Yes, cascara contains caffeine just like the seed of the coffee plant itself, but how much you get will depend on how you consume it. Some have measured a cup of cascara tea to be roughly a quarter of the caffeine content of a cup of brewed coffee, but this is only an approximation.

What is done with Cascara if we don’t consume it?
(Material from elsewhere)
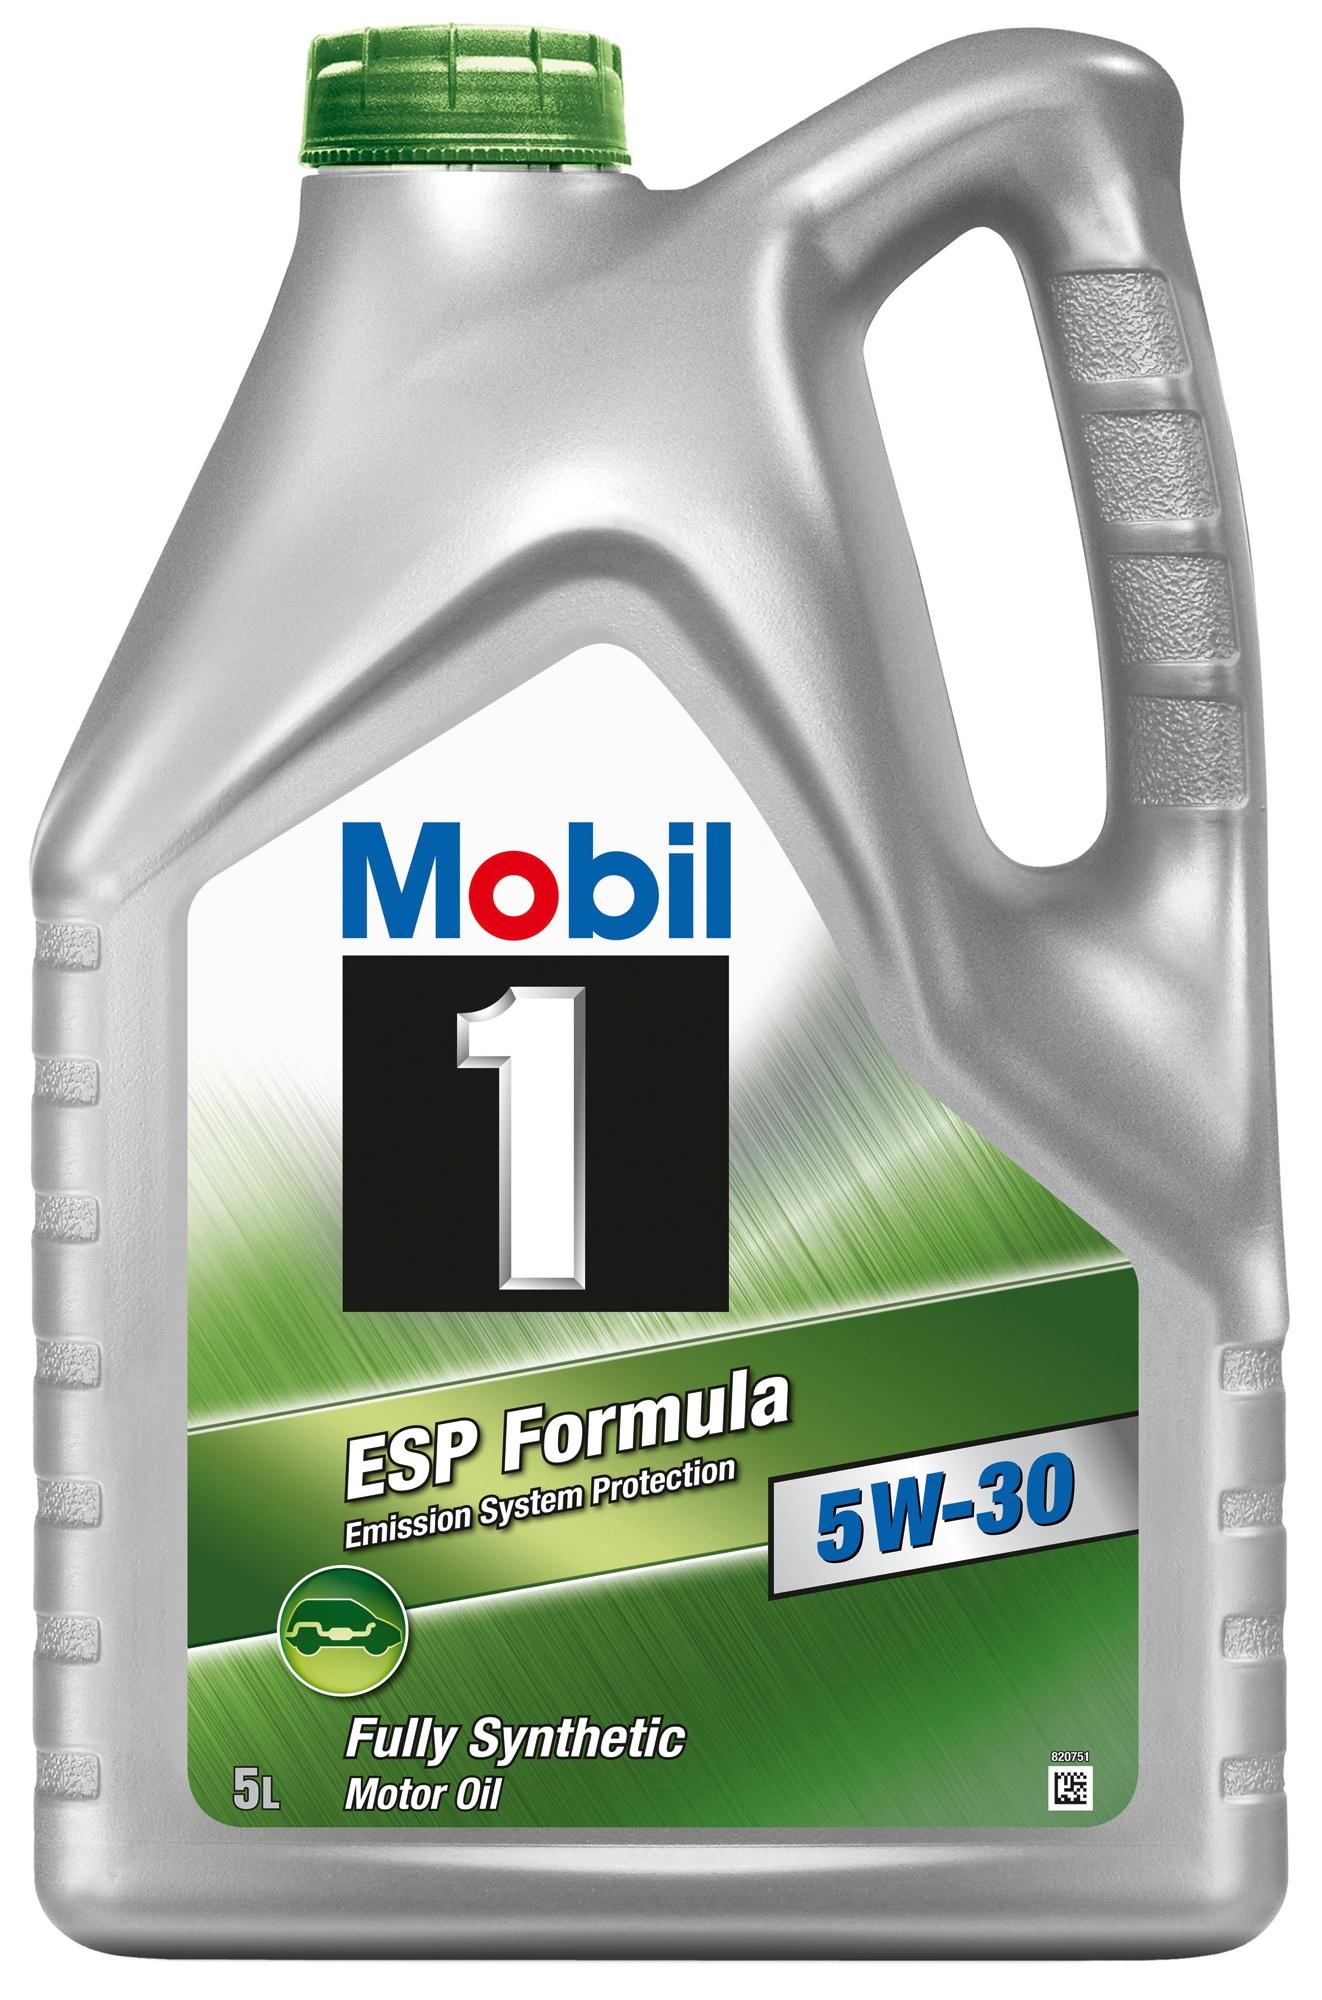 Mobil 1 Esp 5W/30 Oil 5L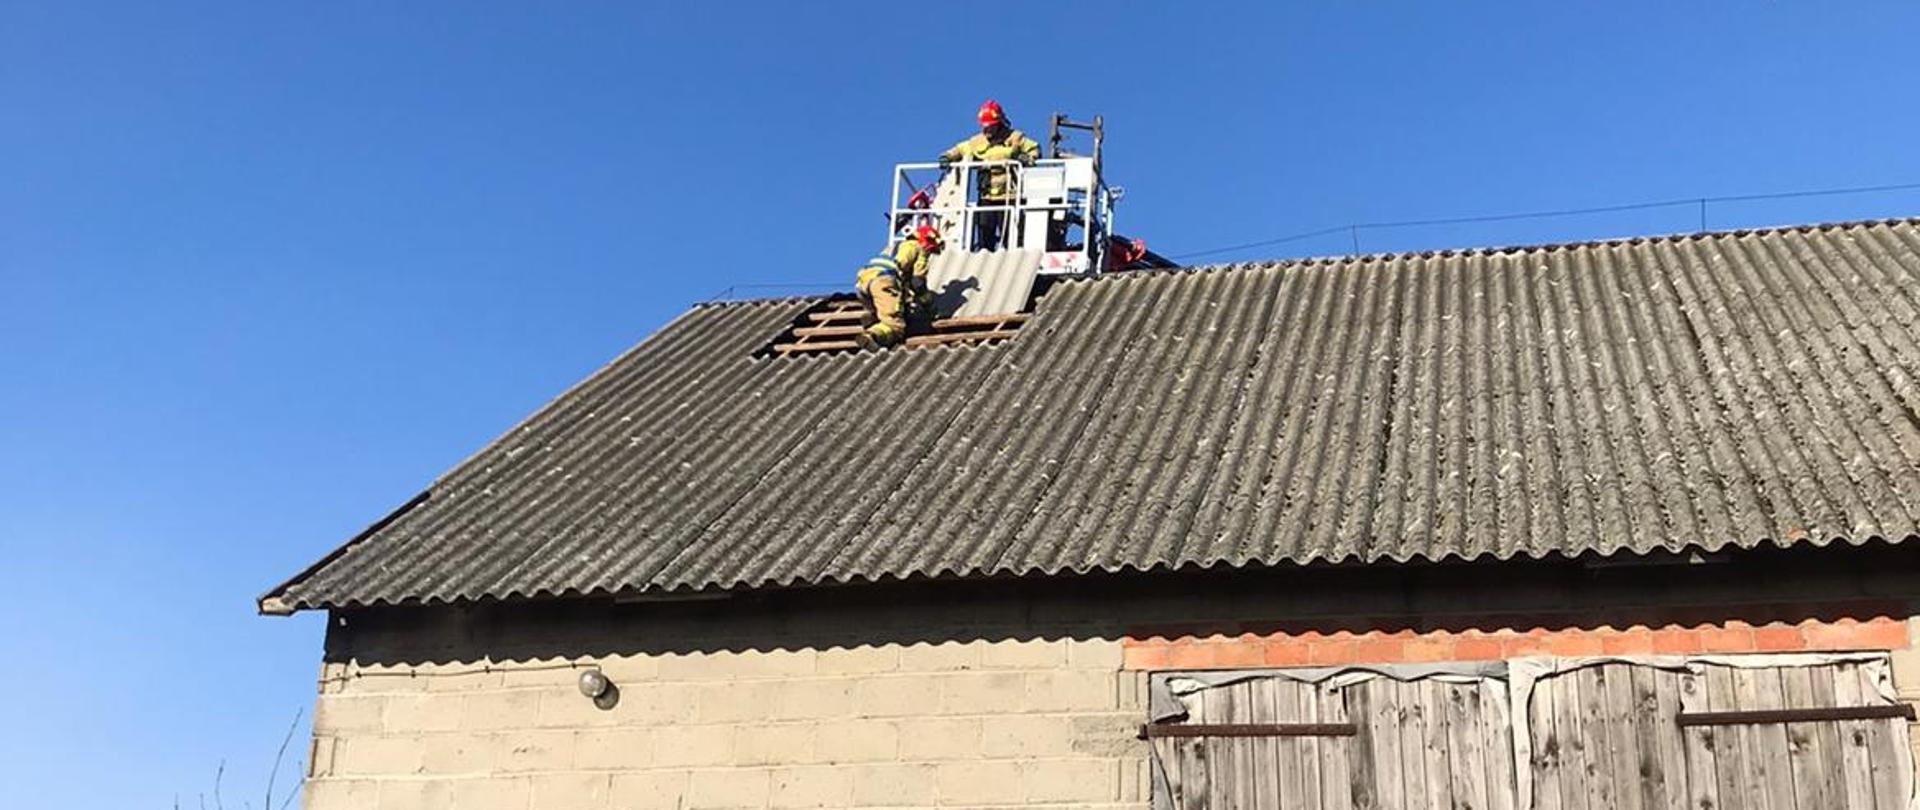 Trzej strażacy na dachy budynku gospodarczego szykują się do zakrycia dziury w dachu , w którym wiatr wyrwał kilka płyt eternitu

Proponents (typically marketers) of cascara have banged the zero-waste drum quite loudly when it comes to rescuing this coffee byproduct. However, discarded coffee cherry is still a biological product which can be composted and used to nutrify crops as fertilizer. The amount of actual waste resulting from “leftover” cascara would have to be evaluated on a farm by farm, mill by mill basis, to get a clear picture on how much genuine waste occurs if cascara is not reclaimed.

Cascara Currant Sourdough Cascara Tea

Is Cascara banned in Europe?

No! And it never *really* was. There was significant confusion back in 2017, as several news outlets (including Sprudge) reported on the impending enforcement of an obscure 1997 EU law regarding “novel foods.” For a time, it appears that sales and consumption of cascara in Europe operated in a sort of “grey area”—neither legal nor illegal. A 2021 update to the law has paved the way to the legal consumption and sale of cascara across Europe.

Is Cascara expensive?

Cascara prices vary, but Verve Coffee Roasters sells a high-quality cascara from Costa Rica’s Helsar de Zarcero mill for $15.00 for 90 grams of cascara. This mill is noted in the coffee industry for producing clean, food-grade cascara with a great reputation. Cascara these days is quite widely available, so if you haven’t tried it—give it a whirl. Or a steep. Or a munch.